#### Data for review
-=-=-

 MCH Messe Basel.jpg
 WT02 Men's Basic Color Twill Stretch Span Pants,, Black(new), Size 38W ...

-=-=-

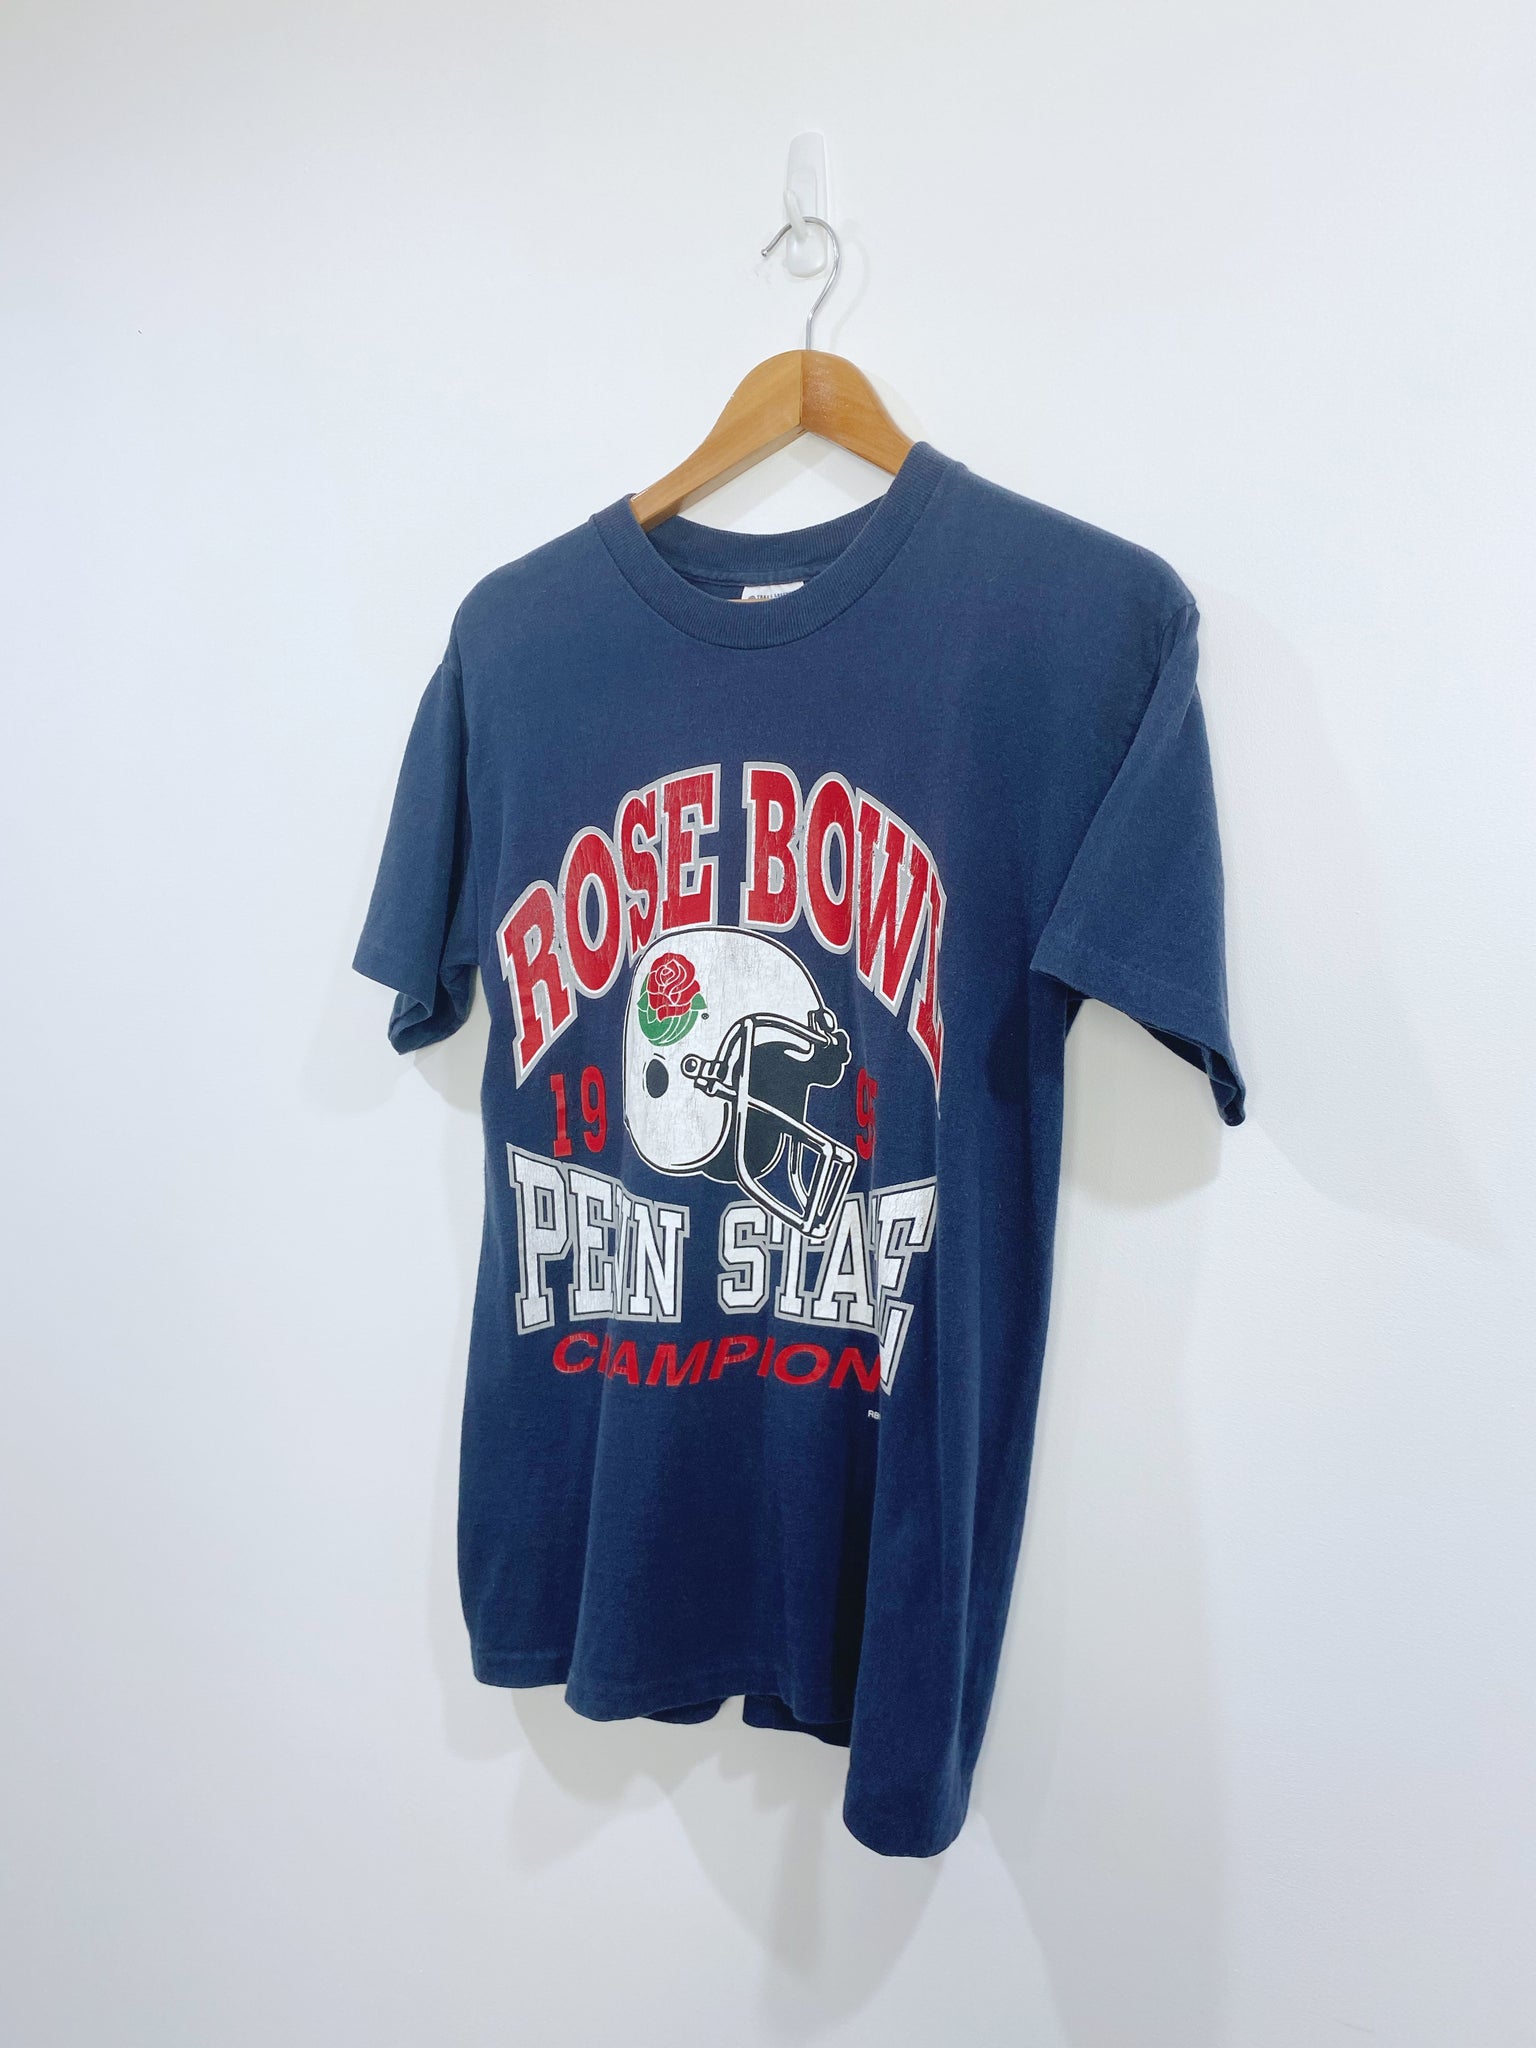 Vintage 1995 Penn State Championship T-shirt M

-=-=-

#### Instructions for the task
Above are the records; copy exactly the lines from the line with "MCH Messe Basel.jpg" through the line with "WT02 Men's Basic", both included.

#### Task answer
 MCH Messe Basel.jpg
 WT02 Men's Basic Color Twill Stretch Span Pants,, Black(new), Size 38W ...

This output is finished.